Если бы я действовал иначе...
Вслед за этим Паулюс приходил в дом Национального комитета. Члены и работники комитета живут в бывшем доме отдыха московской милиции, расположенном у речки, примерно в 40 километрах от Москвы. Парк окружен колючей проволокой, и у ворот стоят часовые. Прогулки вне парка могут совершать только в сопровождении русских офицеров. Дом производит впечатление казармы. В столовой, в которой стоят покрытые белыми скатертями столы для четырех человек, обслуживают немецкие вестовые. У первого стола сидит генерал Зейдлиц. Теперь там занимает место и Паулюс. Если посмотреть в столовую во время еды, то не сразу поймешь, что видишь перед собой военнопленных, потому что каждый постарался придать своей военной одежде возможно более штатский вид. Знаки различия, как и во всех лагерях, больше не носятся. Обращение по чину уже больше не принято. С середины 1945 года Паулюс больше не носит знаков различия. Но по отношению к нему делается исключение. Ему говорят «господин фельдмаршал».
В доме издается газета. Здесь же записывается текст выступлений по радио. В этой работе Паулюс не принимает участия. И в новом кругу он не сбросил с себя обычной сдержанности. Ближе сходится он лишь с немногими. Они принадлежат, главным образом, к левому крылу комитета. Правда, раз в неделю он делает исключение и играет с находящимся в доме гессенцем в карточную игру «Двойная игра».

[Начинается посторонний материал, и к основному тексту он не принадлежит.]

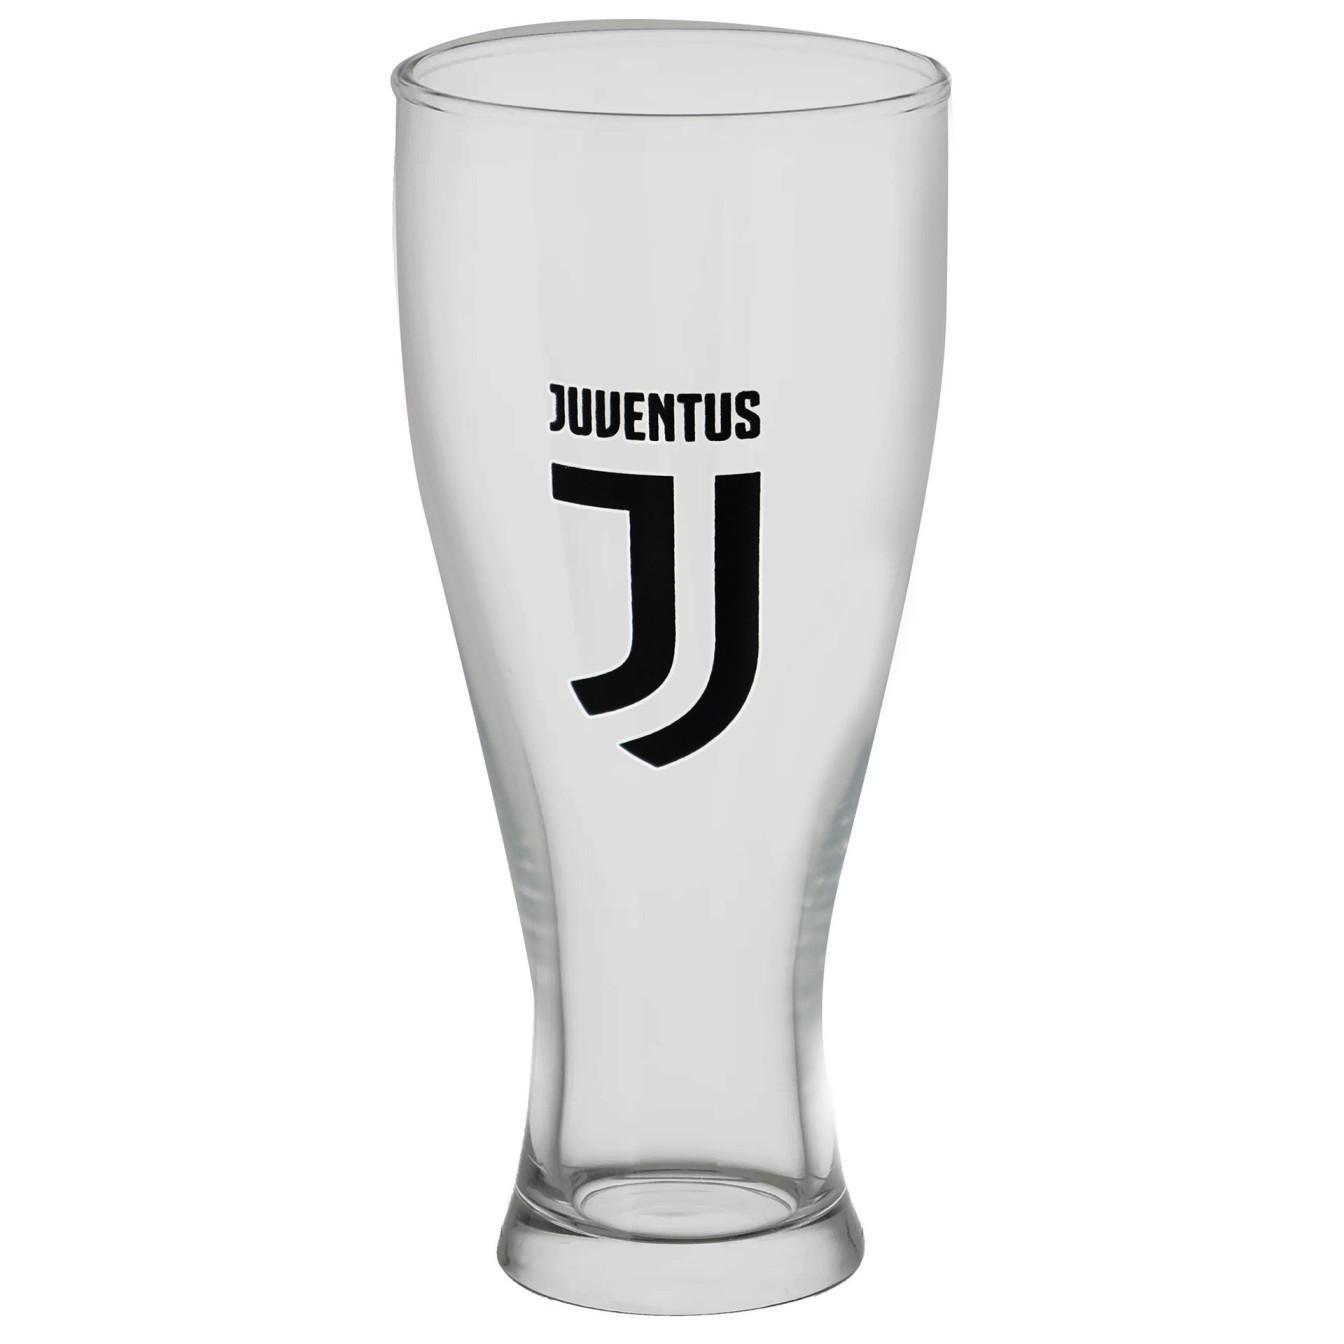 Juventus 14oz Pint Glass

Здесь он впервые в плену начинает писать о Сталинграде. Так я видел Паулюса в третий раз: он шел рядом со мной по парку, несколько наклонившись вперед, с тросточкой в руке. На рейтузах его светлые полосы по бокам, там когда-то были красные лампасы. Мы беседовали о Сталинграде, и он меня расспрашивал о подробностях, которые должны были быть мне известны по занимавшейся мною тогда должности. По окончании разговора он остановился и, рисуя тросточкой крестики в песке, сказал очень тихо: «Да, теперь я знаю мне надо было тогда действовать иначе».

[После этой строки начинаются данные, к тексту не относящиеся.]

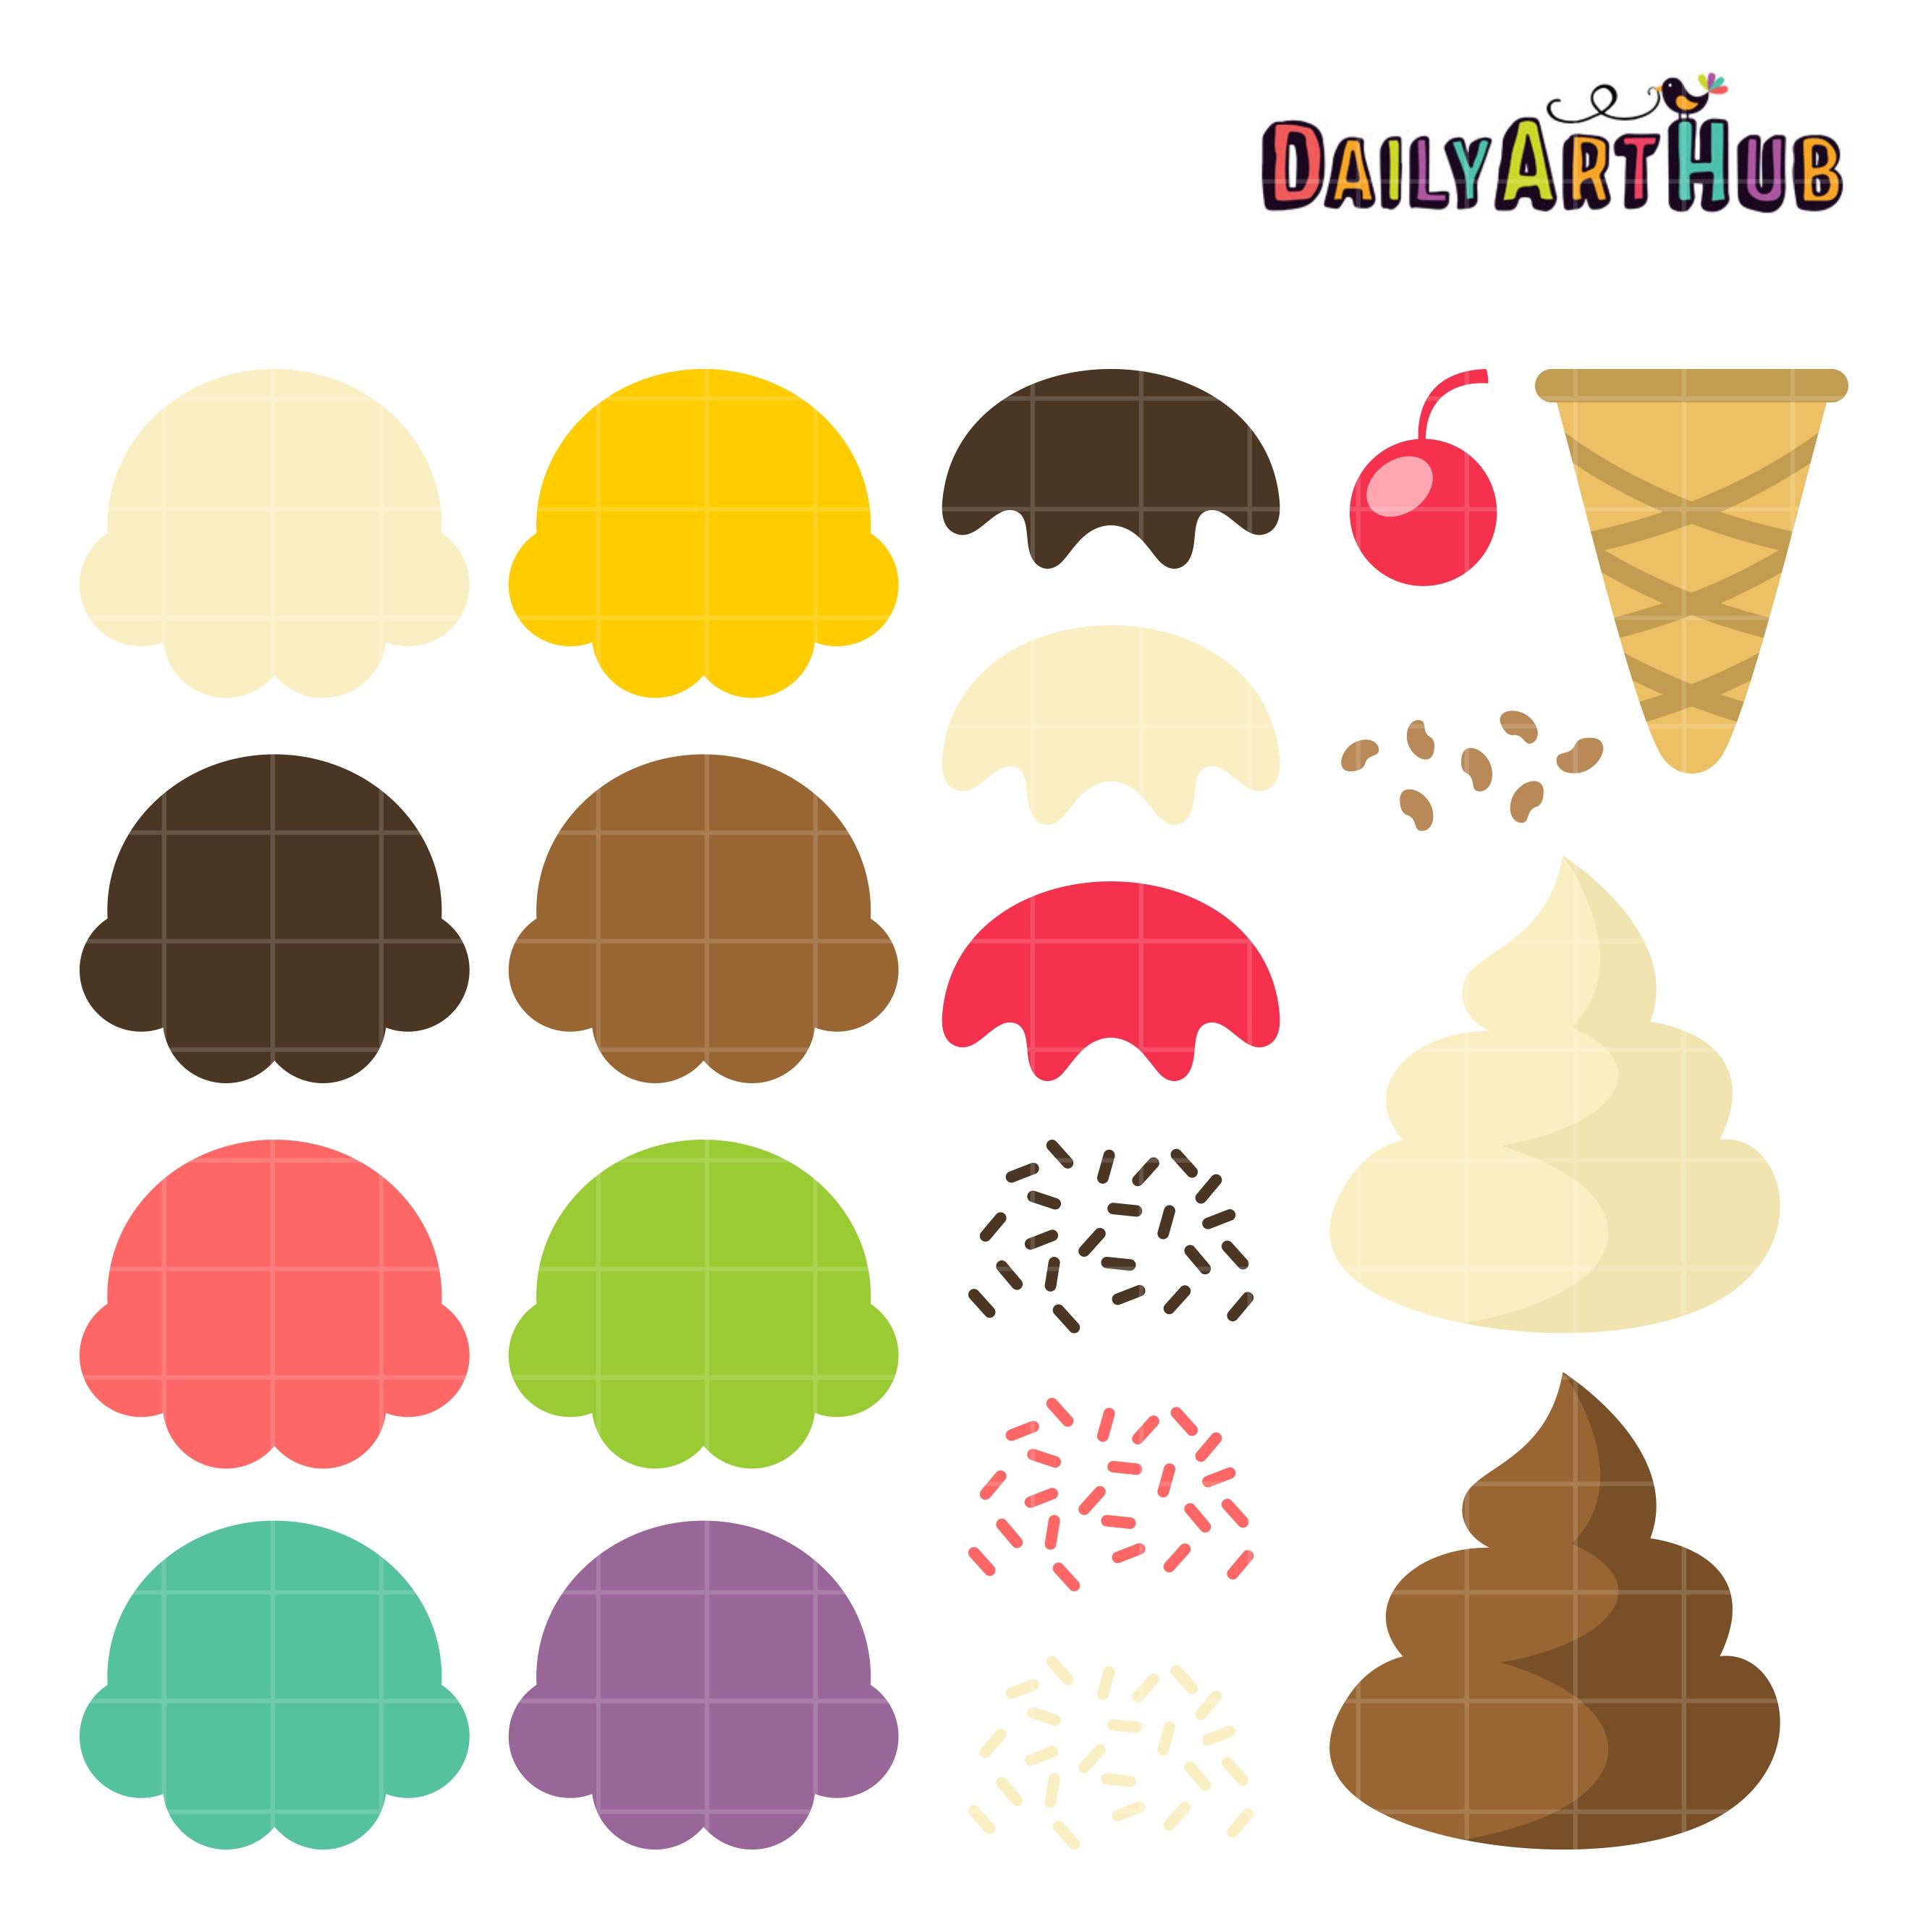 Your Ice Cream Cone Clip Art Set | Daily Art Hub

Среди офицеров часто обсуждалось отношение бывшего командующего к своим солдатам. Паулюс, несомненно, потерял свой авторитет среди немногих оставшихся еще в живых «сталинградцев». Однако Паулюс мог бы теперь без всякого риска посетить любой лагерь военнопленных. Другой находящийся в России пленный фельдмаршал Шернер — улетевший на самолете к американцам и выданный русским — был в лагере встречен камнями, когда его узнали, несмотря на его спортивный костюм. Вооруженная автоматами русская охрана, поспешившая к месту действия, с трудом предотвратила суд Линча.
Вскоре Паулюс поехал в Германию на Нюрнбергский процесс. В противовес систематически появляющимся в немецкой и иностранной печати слухам, я могу только констатировать, что до того момента не был речи об армии Паулюса. И. фон П.
Приложение 10
6 ноября 1947 года. 4-74. «Дер Курир».
Дом в Луневе (Национальный комитет «Свободная Германия»).
12 июля 1943 года колонна шестиместных легковых машин ЗИС двигалась по шоссе, ведущему из Москвы в направлении промышленного городка Красногорск. Машины остановились перед бараками, за оградой которых помещались немецкие военнопленные еще во время Первой мировой войны. Пик, руководитель делегации, еще раз проверяет в зале, как проведена подготовка. Рядом с ним Ульбрихт, сбривший в эмиграции свою ленинскую бороду.
«За народ и отечество» — написано на красном полотнище, висящем на левой стороне, а напротив — «За немедленный мир», «Против Гитлера и его войны», «За независимую, свободную Германию».